You know I have to be honest here, I’ve never been one for those types of books. However, in terms inspiring moments. This is something I can share. When I was a kid I left school with nothing and growing up every Thursday I watched an old TV Show called The Paper Chase with an actor called John Houseman. He played an old crusty professor at Harvard law school. He was that guy you thought would be the meanest person in the world, but in the end, he was the kindest and really cared for his students. After leaving school with no qualifications I was inspired to go into further education and eventually earn a degree. I’m sure after reading this, you’ll be able to recall a moment in your life where something similar happened to you. That one person, or a conversation perhaps, and if not then use this as a model. Never let anyone tell you that you can’t be what you want to be, or you can’t do something. These people are basically in your way. You have to move past them and fulfil that dream.

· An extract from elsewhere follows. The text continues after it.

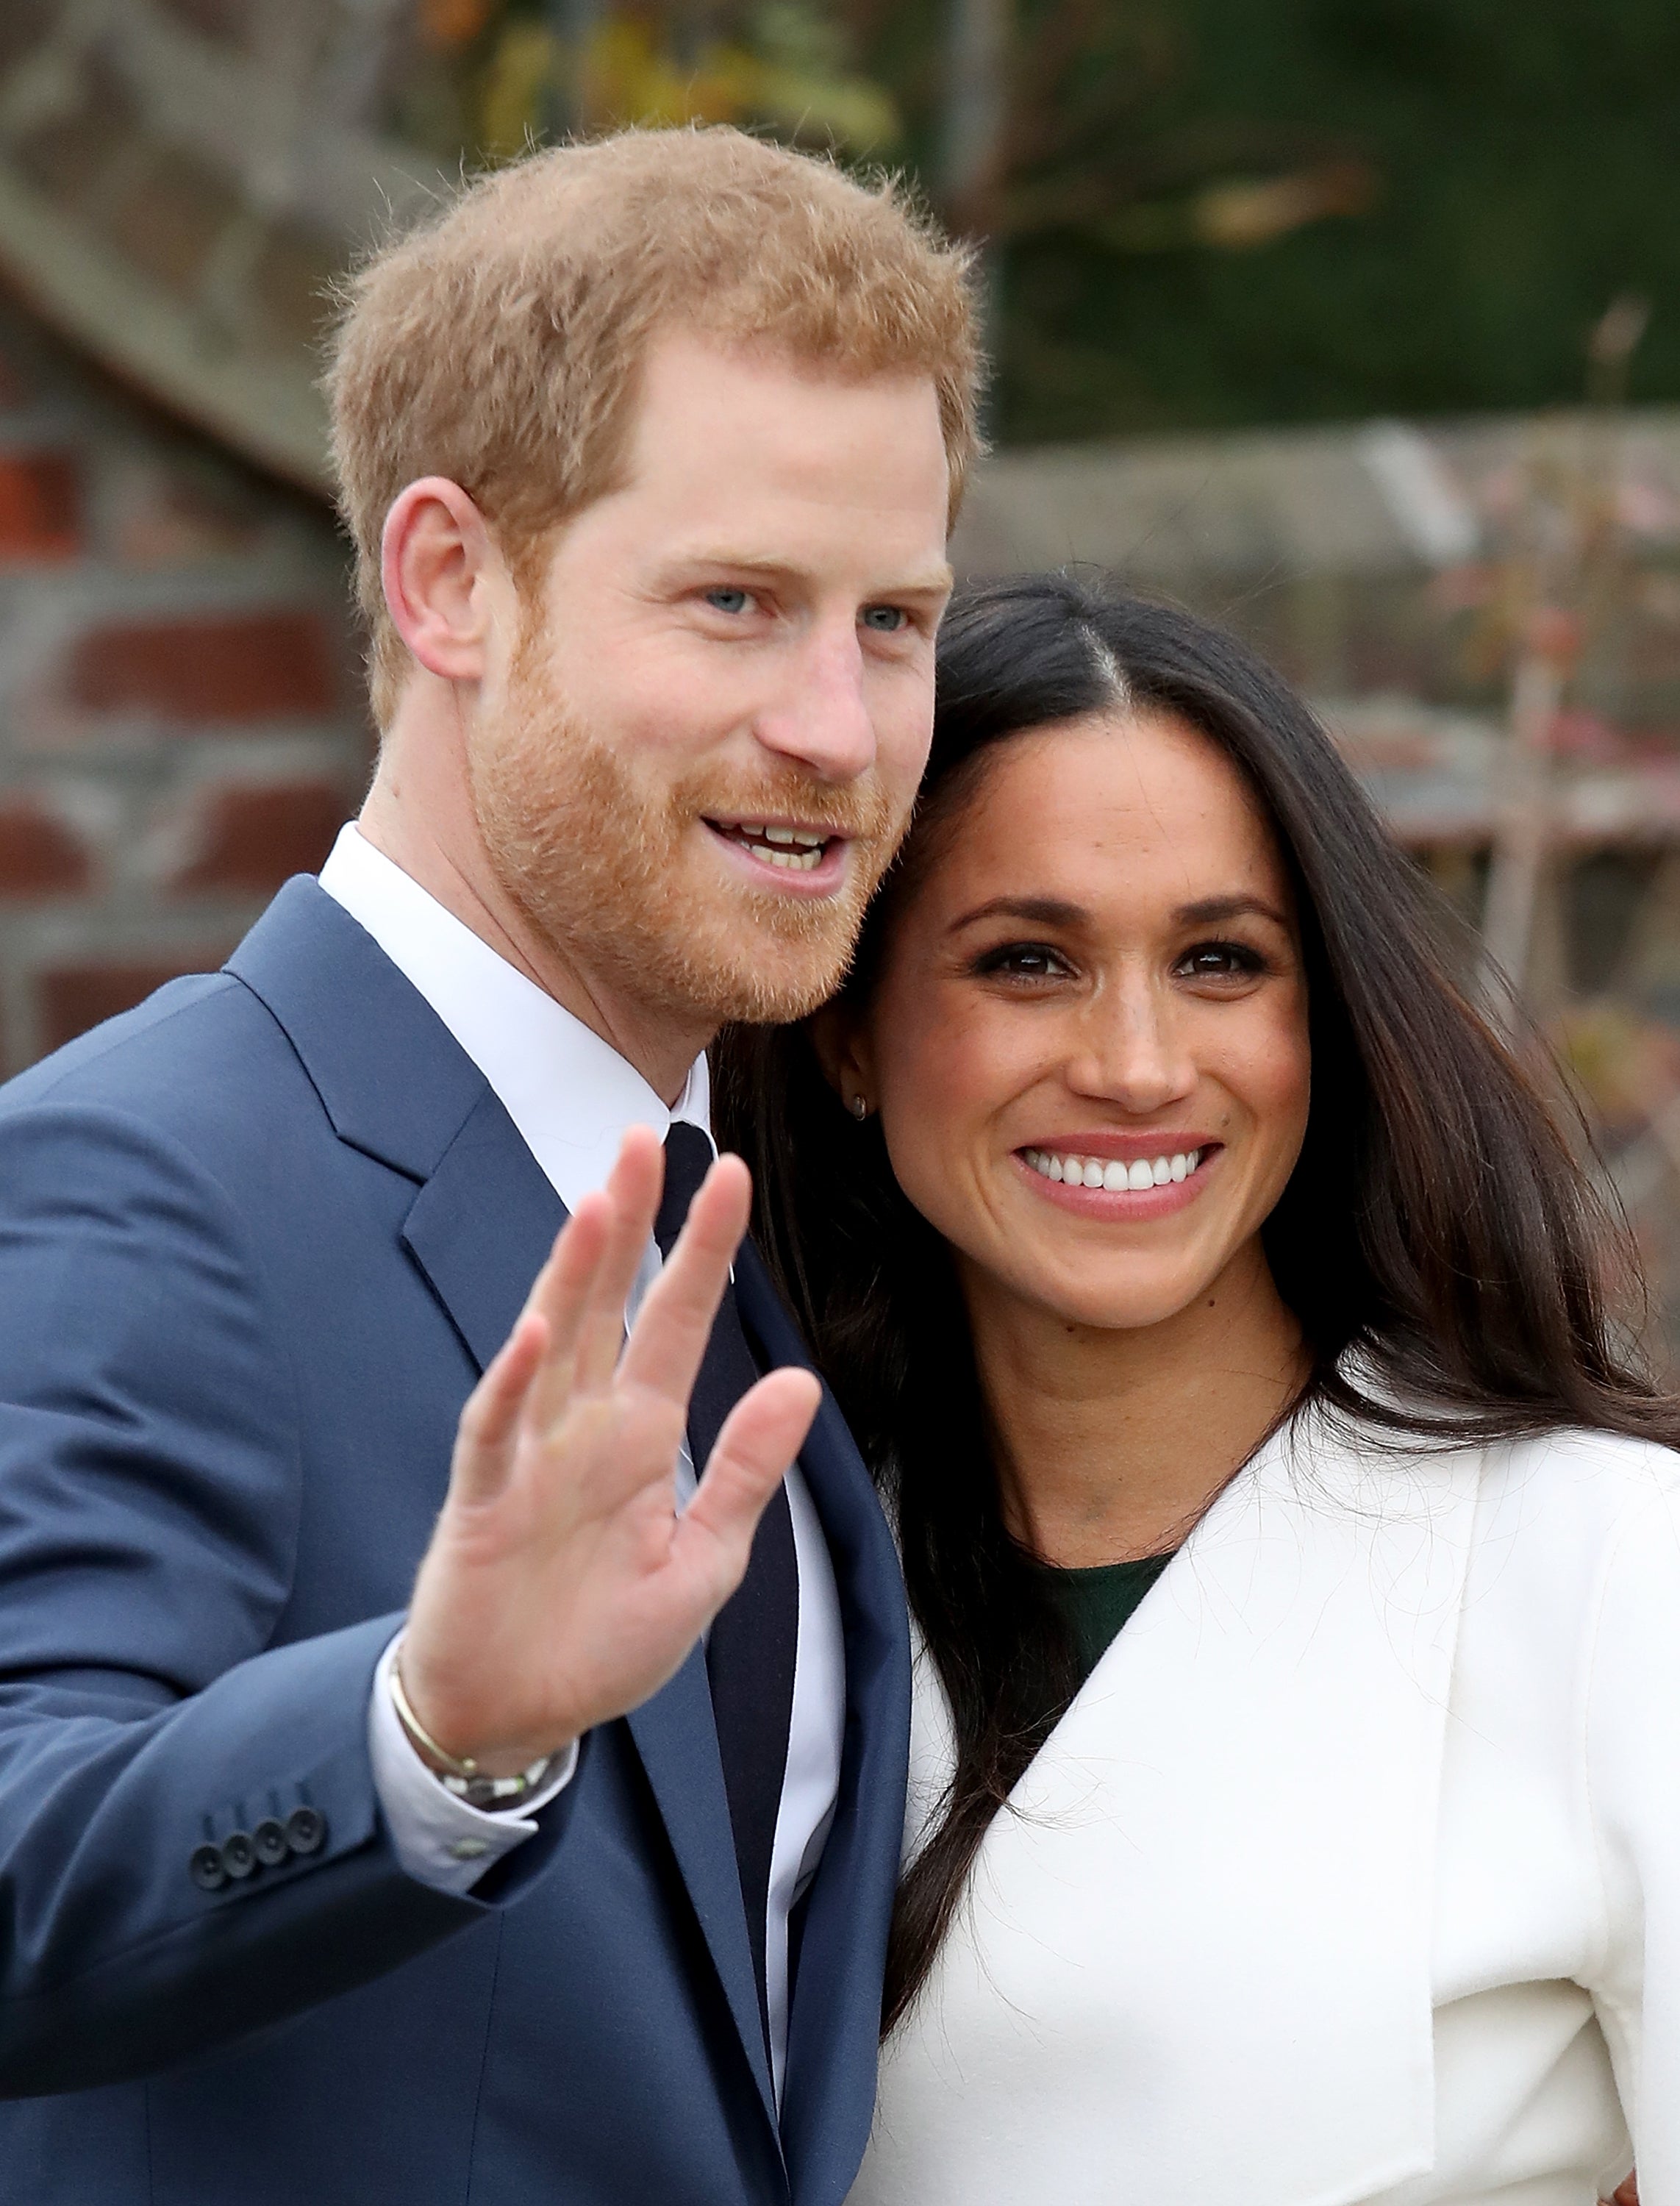 More Details About Prince Harry And Meghan Markle's Wedding Day Have Been Revealed
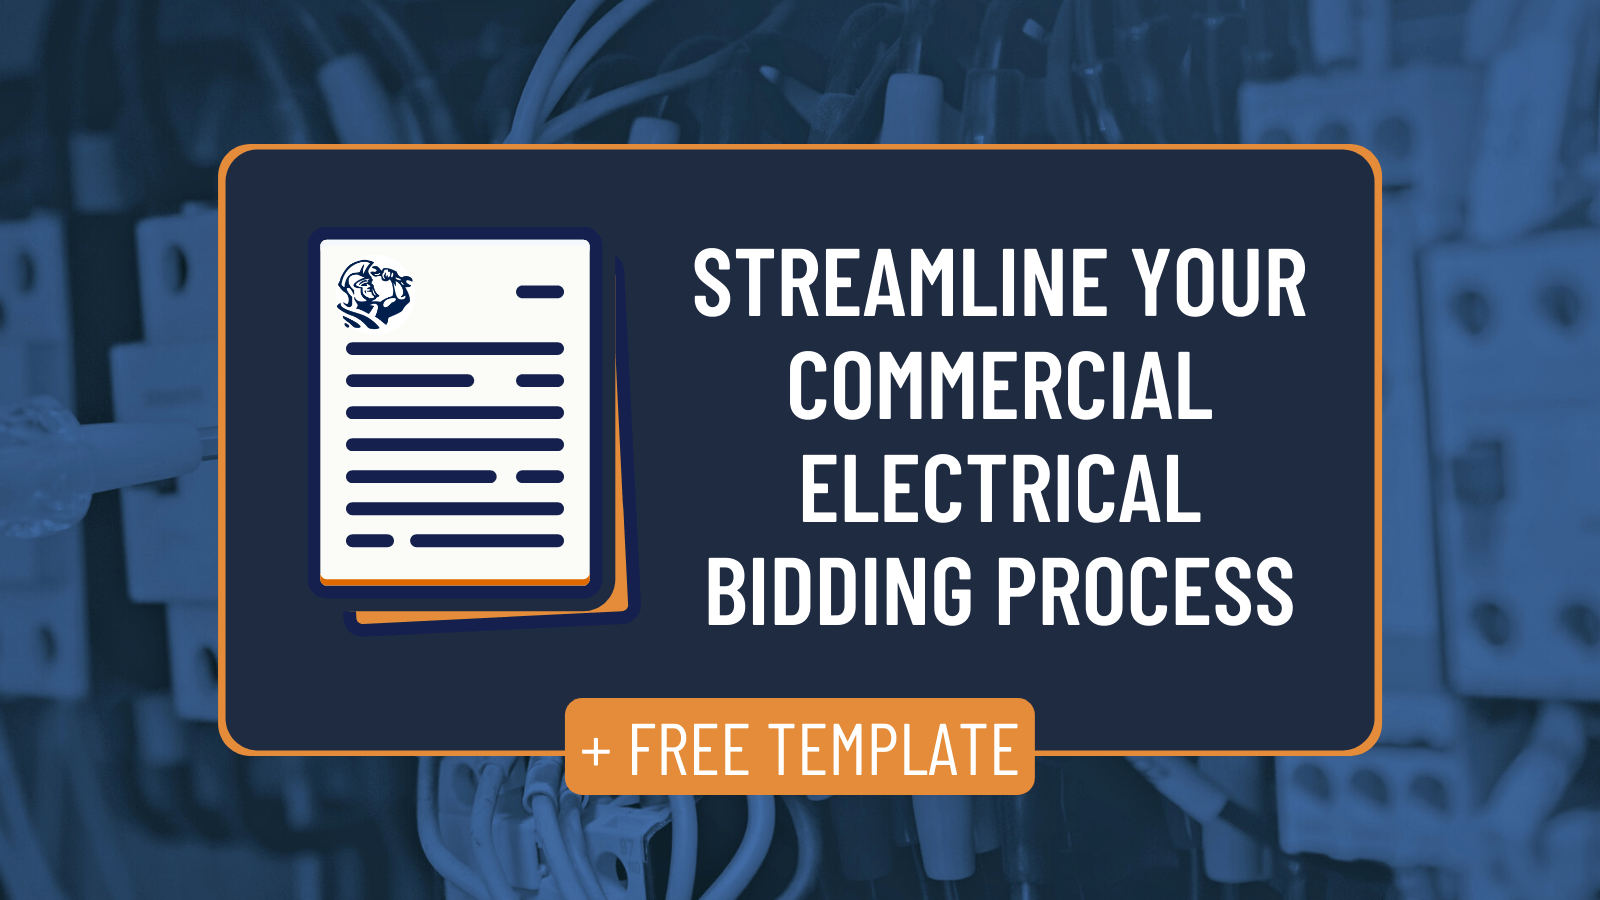 Commercial Electrical Bid Template: Streamline Your Bid Process and

Q12: What is some practical cybersecurity advice you give to people at home in age of social media and the Internet of Things?
There’s no doubt that social media has changed our world, and I’m not convinced it’s for the better either. You just have to lift your head up from your smart phone and realise, holy crap look at that. We’re all addicted to these dam devices. Every single one of us, on trains, airports, at work and even in bed at night we can’t put them down, and you have to ask why? But also, why are we so addicted to social networks?
I think it’s because we all have an innate need to be wanted, be belong to something or someone, and perhaps this is the way the future will be. I certainly hope not. So, my first piece of advice is to detox yourself and your family from social media. In terms of the Internet of Things, treat it like any other technology. Plan for it, understand how it works, investigate its weaknesses and ultimately learn how to protect yourself, your family and your business from any potential variabilities it may have.
Q13: What is a life hack that you’d like to share?
I’m a huge Star Trek fan. I remember an episode of Start Trek: The Next generation called Tapestry. In which Captain Picard is killed and encounters the character Q, played by John DeLancie. Appearing as God, Q listens to Picard’s tales of regret and agrees to give him another chance at life. So, after transporting him backwards to his early days in Starfleet Academy, Picard strives to avoid making the mistakes he made in his youth. But of course, he ends up changing so much that he actually unravels his life and when he’s finally returned to the Enterprise, he’s no longer the Captain. He’s a junior officer. Of course, it all works out in the end, but the lesson here was that in life you have to step forward, you have to get noticed if you want to succeed. Otherwise your life will simply drift. Don’t live with regret, learn from it and move on otherwise it will consume you.
Q14: What is the biggest mistake you’ve ever made and how did you recover from it?
Gosh that’s a tough question, I’ve made a few, and it depends upon if you’re talking about technical mistakes or life mistakes. I guess we’re all guilty of those at some point. The biggest technical mistake I made was not too check that a back-up had been performed at one of my major clients. So, of course when I deleted their database by mistake, there was mayhem. They were crazy mad with me. It took 2 days and nights of hard work to get the data back. In the end it all worked out, and you’ll be surprised to know that they are still a great customer. I can tell you after that experience, I never made that or a similar mistake again.